Reason I'm asking is,
I'm researching a performance issue with a product I'm developing, so the above app is just a test app to simulate the bottleneck I've identified in the product.

What I'm trying to estimate is,
So the app will do some processing on a source buffer and then it will move it forward to a dest buffer.
The write is obviously very fast since both dest & source are cached,   but if you consider a server doing lots of work in a given second with many tasks in parallel, although the source->dest movement will finish fast enough from a code-execution point of view, I some have to calculate the overall penalty of that source->dest data transfer, and that will have to include the time (and hence the contribution to the bottleneck) that it will take for the core to move the data from the L2->L3 and (perhaps even) at some point from L3->RAM, because from a bottleneck point of view that could be considered as some sort of a "pipeline"...
because even though L2->L3 & L3->RAM are "asynchronous" to code execution as they are autonomous parts of the chip, they will stall the code execution at some point, when L2 is overloaded and stuff needs to get evicted.
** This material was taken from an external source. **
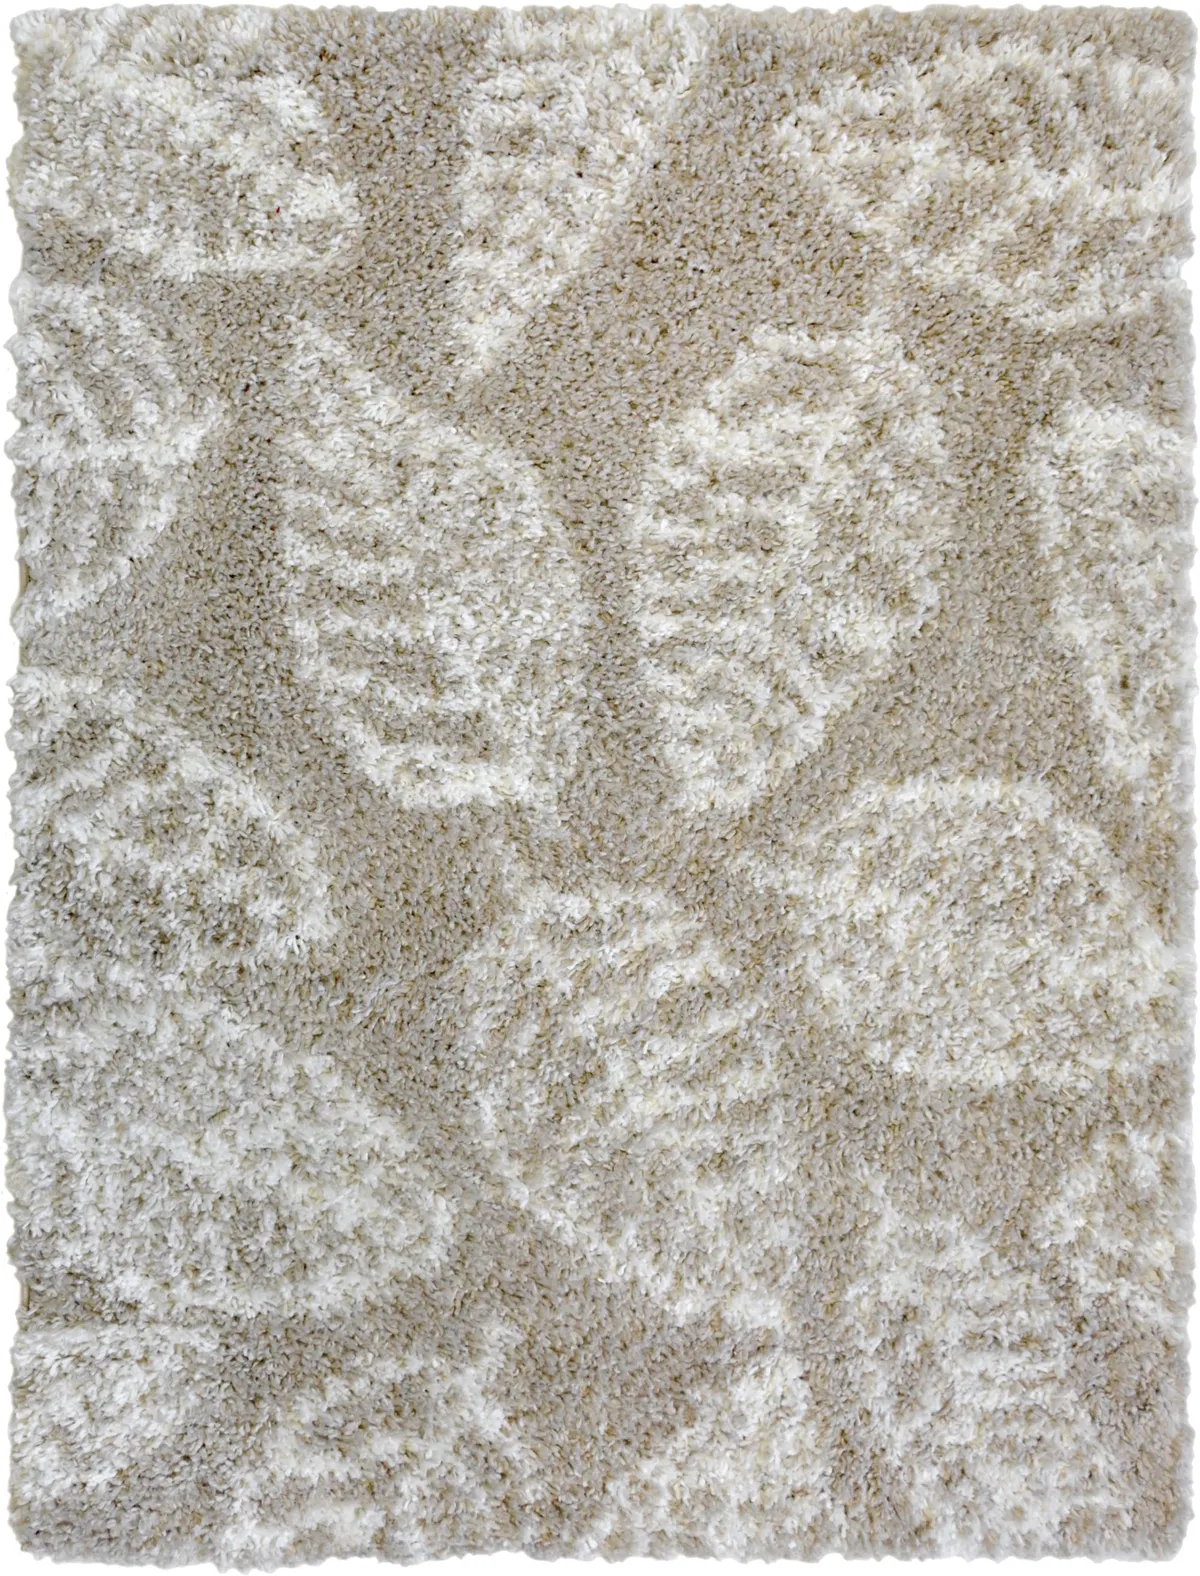 New noble shaggy autumn leaves rug, £49.99, Carpetright
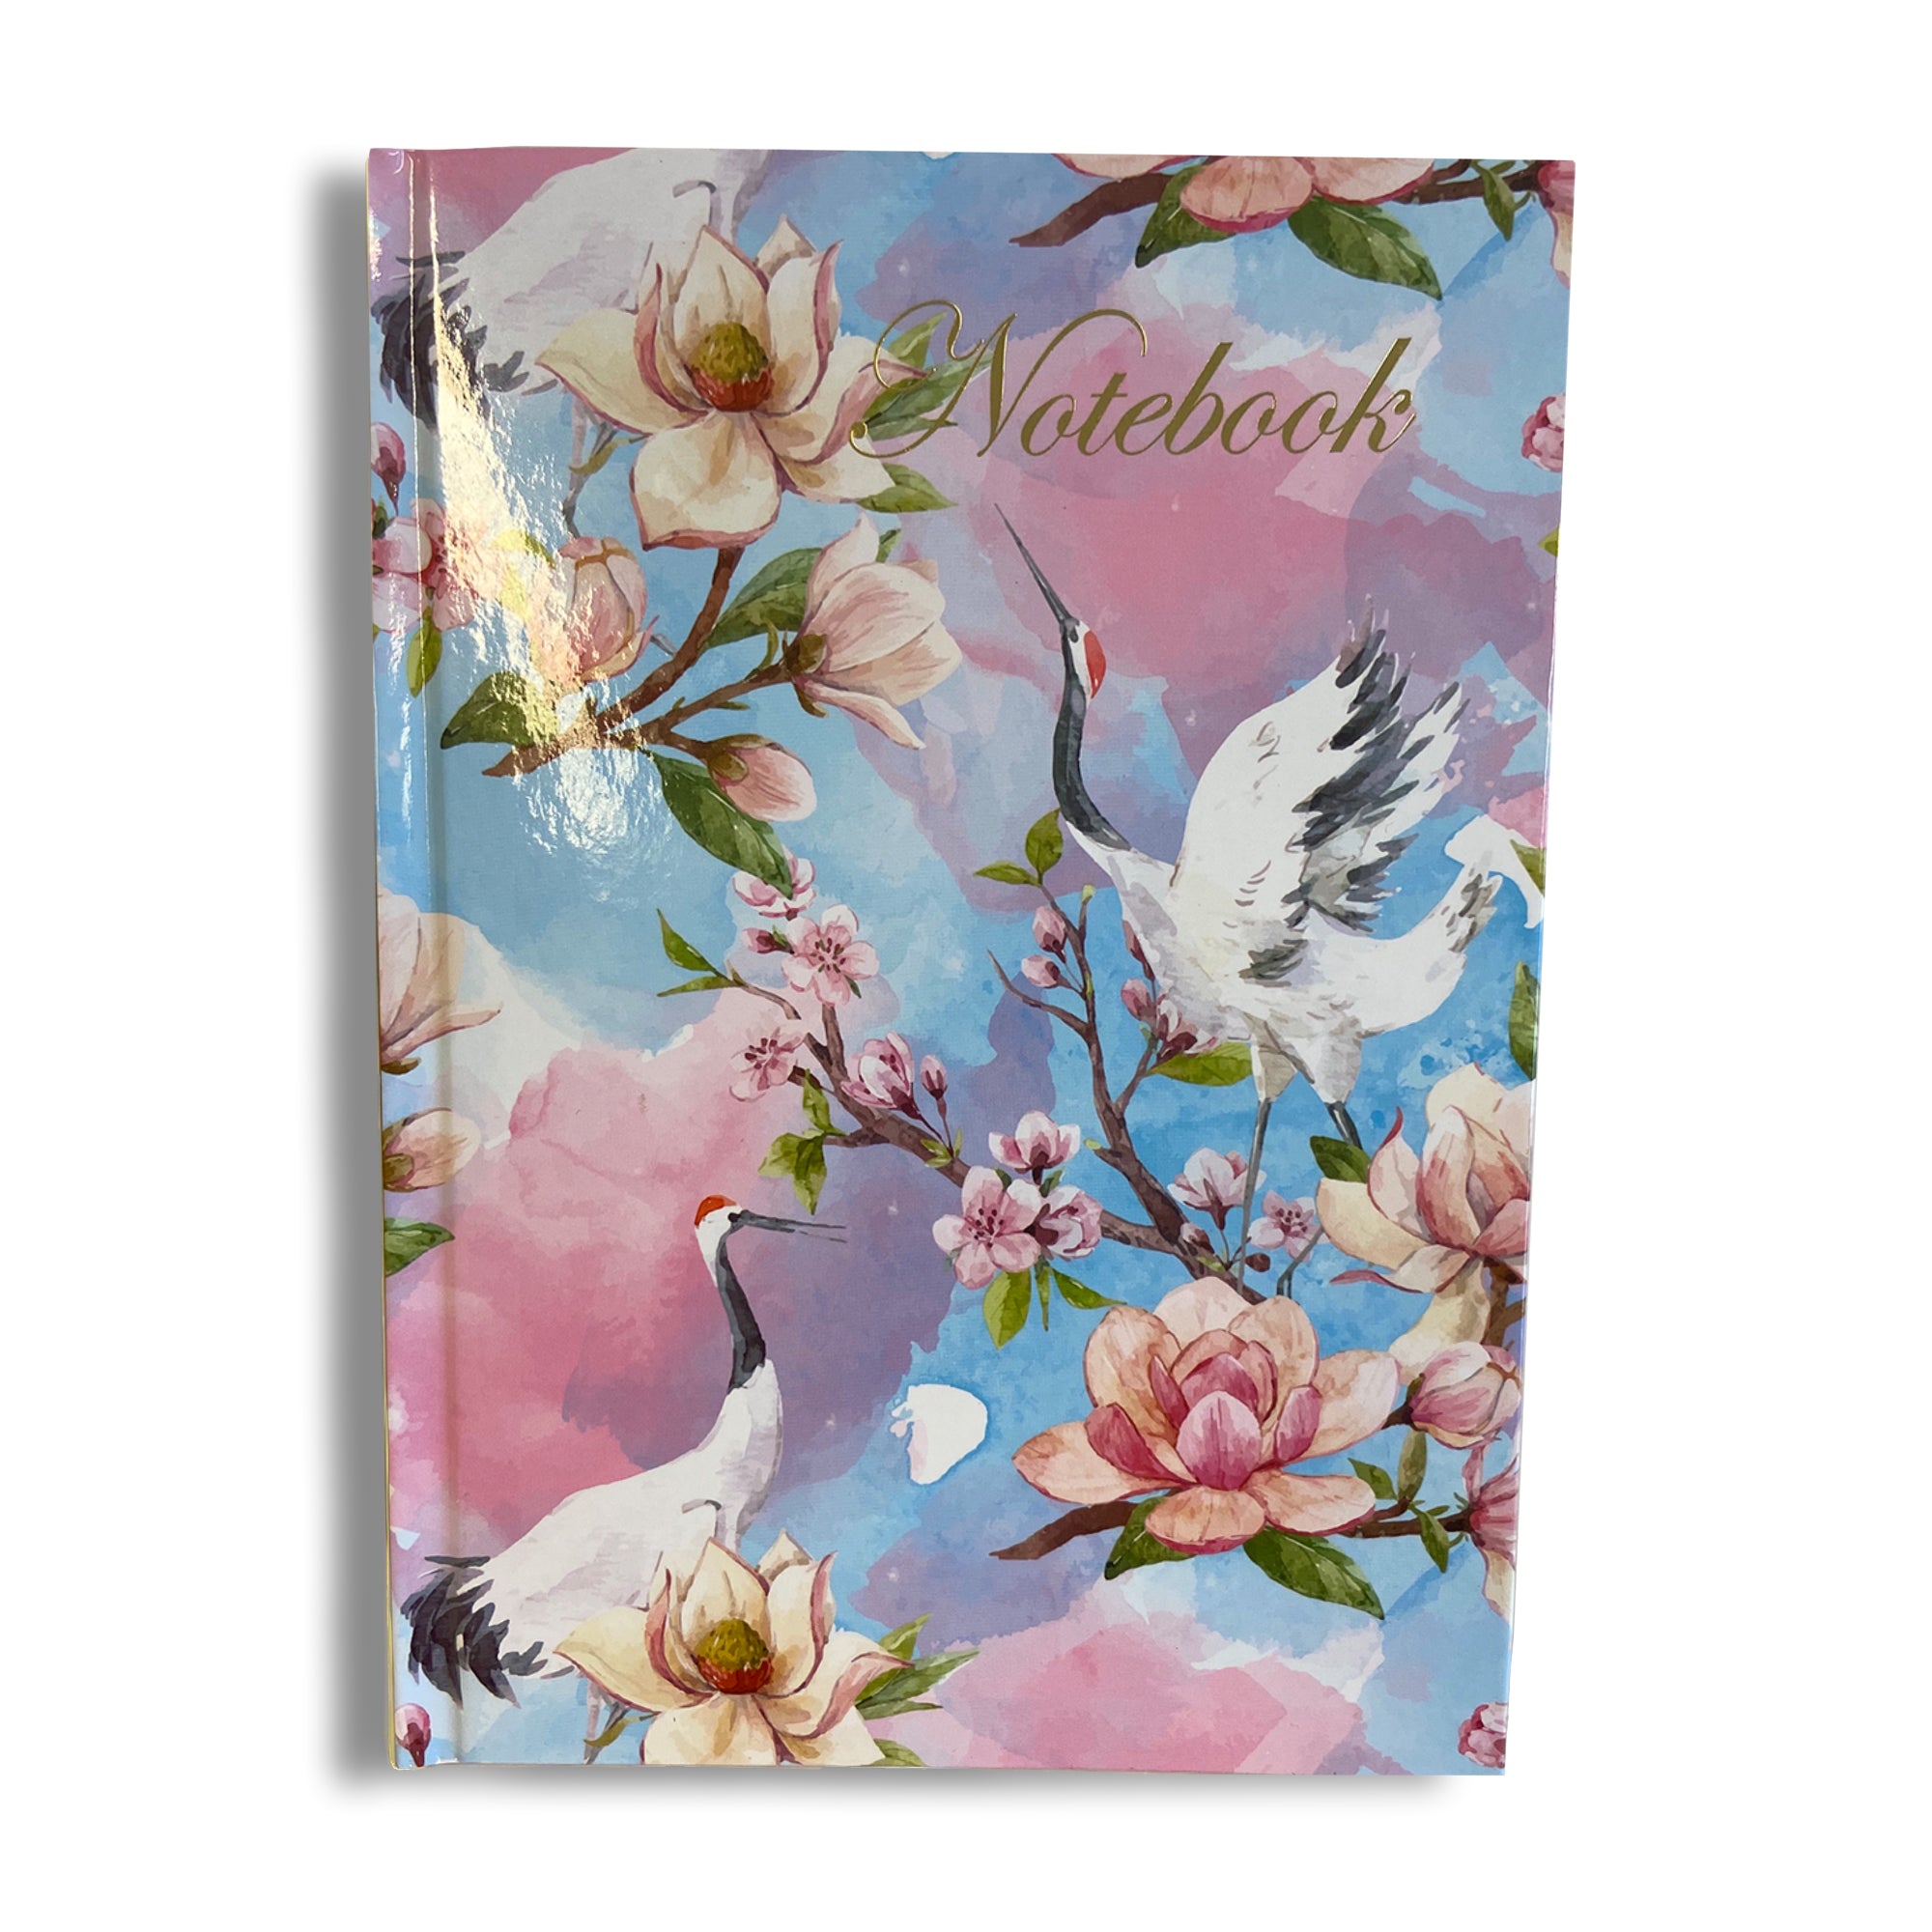 Magnolia Cranes Notebook A5

And so on actual client loaded server I need to somehow estimate the "real overall time cost" of that source->dest data movement, and simply timing the execution of the "copy" code is not enought.

because if that cost won't be neglected enough, a new redesign of the code might be needed to place the resulted data directly on the source buffer and avoid that data movement. will still generate dirty lines but at least less pressurize the cache.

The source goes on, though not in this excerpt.